Items listed in a dataset

------------------------------------------------------------------------

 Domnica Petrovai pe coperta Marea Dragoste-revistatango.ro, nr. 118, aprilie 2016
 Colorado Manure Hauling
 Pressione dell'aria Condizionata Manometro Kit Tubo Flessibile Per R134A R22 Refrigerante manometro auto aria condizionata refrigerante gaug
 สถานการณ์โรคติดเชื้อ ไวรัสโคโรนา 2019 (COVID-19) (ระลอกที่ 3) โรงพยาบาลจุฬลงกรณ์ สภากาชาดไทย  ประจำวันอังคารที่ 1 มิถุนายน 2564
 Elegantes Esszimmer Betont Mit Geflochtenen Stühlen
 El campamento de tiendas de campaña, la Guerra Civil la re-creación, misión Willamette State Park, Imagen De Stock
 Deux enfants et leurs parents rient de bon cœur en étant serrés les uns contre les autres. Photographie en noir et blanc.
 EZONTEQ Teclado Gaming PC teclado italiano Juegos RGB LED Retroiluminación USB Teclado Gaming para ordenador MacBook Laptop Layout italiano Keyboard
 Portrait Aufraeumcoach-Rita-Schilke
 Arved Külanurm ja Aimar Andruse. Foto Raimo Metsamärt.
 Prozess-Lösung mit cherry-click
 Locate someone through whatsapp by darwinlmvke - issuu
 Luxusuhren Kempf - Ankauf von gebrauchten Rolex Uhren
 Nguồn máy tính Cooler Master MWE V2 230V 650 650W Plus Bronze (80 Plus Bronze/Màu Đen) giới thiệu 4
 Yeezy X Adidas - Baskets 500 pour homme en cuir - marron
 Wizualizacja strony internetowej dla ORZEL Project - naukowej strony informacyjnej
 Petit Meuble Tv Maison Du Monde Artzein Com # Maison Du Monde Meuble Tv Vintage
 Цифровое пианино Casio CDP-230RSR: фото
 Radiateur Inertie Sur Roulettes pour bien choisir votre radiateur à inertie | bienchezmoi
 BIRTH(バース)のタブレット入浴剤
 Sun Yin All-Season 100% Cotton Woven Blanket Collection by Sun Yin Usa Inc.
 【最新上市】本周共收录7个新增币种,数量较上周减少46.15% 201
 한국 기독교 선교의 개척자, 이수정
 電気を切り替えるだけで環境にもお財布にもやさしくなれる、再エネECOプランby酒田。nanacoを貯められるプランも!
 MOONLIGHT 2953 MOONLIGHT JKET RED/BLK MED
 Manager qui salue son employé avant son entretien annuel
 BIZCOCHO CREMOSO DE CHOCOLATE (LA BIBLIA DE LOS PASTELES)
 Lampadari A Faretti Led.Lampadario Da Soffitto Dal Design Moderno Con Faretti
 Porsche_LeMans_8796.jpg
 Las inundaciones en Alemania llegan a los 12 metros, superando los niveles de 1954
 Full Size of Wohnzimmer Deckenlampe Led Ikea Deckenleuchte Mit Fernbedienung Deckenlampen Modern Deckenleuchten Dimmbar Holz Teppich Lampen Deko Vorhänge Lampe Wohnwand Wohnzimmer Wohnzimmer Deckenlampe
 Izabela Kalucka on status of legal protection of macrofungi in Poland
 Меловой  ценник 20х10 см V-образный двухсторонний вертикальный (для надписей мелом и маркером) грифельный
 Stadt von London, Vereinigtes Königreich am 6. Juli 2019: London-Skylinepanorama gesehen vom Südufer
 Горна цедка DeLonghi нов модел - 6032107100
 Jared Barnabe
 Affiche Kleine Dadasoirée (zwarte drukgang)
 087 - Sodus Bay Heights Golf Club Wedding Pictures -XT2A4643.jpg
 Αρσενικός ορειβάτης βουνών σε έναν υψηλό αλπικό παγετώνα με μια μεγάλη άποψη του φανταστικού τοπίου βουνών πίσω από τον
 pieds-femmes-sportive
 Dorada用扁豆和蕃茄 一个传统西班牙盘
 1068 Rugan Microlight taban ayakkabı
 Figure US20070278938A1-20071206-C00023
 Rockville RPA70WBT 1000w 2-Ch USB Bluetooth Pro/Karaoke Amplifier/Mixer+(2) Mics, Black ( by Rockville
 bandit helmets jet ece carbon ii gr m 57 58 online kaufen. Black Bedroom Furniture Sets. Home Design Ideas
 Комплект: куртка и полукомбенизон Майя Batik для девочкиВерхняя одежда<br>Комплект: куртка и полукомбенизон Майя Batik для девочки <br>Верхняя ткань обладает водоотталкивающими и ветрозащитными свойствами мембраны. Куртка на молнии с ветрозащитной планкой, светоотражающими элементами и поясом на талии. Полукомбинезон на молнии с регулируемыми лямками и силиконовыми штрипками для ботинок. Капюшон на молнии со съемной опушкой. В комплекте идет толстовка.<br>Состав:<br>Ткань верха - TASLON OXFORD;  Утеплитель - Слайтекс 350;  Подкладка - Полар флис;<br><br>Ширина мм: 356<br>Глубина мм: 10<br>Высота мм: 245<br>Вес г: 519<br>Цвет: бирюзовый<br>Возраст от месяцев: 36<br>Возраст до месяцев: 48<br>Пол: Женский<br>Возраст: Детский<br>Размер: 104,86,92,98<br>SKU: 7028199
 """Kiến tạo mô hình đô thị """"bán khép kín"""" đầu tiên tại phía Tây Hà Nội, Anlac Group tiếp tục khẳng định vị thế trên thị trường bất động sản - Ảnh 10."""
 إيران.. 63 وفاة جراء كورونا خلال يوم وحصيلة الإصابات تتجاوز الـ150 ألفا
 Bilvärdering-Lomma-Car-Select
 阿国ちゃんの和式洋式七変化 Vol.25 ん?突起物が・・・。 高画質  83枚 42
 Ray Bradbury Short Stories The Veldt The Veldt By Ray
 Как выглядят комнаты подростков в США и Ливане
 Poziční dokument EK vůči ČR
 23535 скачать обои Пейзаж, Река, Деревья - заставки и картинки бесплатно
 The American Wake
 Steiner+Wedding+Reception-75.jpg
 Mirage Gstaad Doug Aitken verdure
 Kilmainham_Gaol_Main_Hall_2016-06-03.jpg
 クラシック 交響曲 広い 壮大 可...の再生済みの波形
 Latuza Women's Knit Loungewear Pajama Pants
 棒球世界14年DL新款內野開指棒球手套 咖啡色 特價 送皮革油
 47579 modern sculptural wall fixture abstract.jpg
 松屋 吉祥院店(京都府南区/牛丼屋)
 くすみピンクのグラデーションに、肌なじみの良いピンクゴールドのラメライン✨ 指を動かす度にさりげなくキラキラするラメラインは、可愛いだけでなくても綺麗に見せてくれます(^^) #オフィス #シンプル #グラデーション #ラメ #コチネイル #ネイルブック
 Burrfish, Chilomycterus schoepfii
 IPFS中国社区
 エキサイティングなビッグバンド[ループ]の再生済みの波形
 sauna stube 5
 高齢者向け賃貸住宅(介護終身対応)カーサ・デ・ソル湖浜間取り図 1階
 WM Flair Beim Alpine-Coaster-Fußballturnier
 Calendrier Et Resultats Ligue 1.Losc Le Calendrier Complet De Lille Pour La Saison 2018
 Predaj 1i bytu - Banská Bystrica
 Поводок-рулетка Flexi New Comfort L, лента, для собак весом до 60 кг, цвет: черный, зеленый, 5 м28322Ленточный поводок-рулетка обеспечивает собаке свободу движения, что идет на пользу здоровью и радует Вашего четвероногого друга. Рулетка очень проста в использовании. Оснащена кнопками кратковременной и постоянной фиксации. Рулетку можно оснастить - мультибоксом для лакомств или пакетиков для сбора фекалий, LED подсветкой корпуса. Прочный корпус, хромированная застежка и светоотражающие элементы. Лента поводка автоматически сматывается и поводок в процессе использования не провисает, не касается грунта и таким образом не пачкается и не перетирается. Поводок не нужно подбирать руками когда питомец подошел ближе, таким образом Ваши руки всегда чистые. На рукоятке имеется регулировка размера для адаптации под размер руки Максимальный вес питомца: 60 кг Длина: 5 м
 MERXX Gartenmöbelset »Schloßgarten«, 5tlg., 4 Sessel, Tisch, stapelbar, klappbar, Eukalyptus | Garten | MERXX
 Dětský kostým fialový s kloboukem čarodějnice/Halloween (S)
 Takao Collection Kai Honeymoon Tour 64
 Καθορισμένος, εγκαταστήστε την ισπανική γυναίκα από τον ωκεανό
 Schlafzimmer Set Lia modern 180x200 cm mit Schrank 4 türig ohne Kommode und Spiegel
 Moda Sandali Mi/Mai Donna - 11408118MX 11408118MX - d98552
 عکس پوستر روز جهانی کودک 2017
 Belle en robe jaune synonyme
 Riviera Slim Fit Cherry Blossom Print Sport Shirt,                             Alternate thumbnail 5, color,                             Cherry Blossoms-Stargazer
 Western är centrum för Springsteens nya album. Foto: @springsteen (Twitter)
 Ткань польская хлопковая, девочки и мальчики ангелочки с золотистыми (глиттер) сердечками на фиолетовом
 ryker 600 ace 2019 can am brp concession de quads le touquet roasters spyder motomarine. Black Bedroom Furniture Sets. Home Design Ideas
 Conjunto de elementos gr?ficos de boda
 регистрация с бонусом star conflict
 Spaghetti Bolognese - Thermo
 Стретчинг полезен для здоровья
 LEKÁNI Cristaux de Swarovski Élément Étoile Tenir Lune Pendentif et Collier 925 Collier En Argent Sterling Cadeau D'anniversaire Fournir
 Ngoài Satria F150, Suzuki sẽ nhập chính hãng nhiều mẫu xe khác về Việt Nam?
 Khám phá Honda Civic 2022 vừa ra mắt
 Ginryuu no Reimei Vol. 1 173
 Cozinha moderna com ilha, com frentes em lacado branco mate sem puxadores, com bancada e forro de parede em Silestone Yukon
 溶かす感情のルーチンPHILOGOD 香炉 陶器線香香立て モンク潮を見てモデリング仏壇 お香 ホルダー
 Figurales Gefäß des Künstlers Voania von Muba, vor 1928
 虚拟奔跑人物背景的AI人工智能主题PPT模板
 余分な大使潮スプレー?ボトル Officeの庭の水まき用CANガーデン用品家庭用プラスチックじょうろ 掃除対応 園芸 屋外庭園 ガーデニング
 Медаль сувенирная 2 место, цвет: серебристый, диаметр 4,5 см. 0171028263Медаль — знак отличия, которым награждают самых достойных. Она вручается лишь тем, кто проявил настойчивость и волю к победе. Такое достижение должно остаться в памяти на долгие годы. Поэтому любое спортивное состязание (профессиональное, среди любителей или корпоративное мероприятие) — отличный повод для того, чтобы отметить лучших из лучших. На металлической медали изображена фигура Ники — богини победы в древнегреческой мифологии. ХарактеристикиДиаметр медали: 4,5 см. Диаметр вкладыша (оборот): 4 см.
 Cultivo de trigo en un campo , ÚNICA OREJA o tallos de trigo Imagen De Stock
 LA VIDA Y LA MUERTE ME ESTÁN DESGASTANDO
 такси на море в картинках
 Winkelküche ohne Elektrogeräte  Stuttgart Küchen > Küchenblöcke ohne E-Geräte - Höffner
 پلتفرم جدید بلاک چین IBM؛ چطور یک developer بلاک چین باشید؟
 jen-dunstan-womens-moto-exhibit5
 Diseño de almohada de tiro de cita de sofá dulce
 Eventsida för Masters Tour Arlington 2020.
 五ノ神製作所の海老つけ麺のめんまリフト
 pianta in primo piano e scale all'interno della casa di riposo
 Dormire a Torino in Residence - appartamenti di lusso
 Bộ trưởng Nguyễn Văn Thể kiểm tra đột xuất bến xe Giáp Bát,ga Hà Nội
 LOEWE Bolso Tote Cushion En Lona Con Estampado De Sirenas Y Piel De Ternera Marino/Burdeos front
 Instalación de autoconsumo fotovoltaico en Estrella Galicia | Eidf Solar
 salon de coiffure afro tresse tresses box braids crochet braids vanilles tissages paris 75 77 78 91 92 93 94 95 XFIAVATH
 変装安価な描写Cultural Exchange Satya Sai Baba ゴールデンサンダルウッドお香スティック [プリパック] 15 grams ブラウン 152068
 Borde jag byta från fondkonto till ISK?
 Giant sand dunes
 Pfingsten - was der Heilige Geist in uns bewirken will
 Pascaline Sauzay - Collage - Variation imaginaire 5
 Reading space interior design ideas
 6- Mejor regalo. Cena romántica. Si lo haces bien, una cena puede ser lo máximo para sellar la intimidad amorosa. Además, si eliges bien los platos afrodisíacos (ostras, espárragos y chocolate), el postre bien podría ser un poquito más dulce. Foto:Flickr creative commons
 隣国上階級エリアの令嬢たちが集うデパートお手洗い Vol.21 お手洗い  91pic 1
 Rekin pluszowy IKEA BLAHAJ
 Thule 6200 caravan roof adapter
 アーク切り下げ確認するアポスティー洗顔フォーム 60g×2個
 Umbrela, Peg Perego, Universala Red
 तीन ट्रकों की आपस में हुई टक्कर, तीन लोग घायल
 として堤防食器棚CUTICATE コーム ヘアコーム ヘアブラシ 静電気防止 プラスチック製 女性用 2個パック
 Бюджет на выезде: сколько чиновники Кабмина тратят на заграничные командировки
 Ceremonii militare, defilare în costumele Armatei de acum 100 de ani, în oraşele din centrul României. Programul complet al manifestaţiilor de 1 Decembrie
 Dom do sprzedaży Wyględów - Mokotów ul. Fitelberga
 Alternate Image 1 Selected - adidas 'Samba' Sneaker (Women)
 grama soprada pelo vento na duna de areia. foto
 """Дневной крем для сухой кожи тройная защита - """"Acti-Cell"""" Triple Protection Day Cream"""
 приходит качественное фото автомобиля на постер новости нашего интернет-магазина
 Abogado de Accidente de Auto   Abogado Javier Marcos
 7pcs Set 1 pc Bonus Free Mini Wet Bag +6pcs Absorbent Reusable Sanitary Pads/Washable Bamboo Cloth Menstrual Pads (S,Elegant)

------------------------------------------------------------------------

> Problem requirements: Which lines in the records above contain the string "Imagen"? Copy them.

> Result of this exercise:
 El campamento de tiendas de campaña, la Guerra Civil la re-creación, misión Willamette State Park, Imagen De Stock
 Cultivo de trigo en un campo , ÚNICA OREJA o tallos de trigo Imagen De Stock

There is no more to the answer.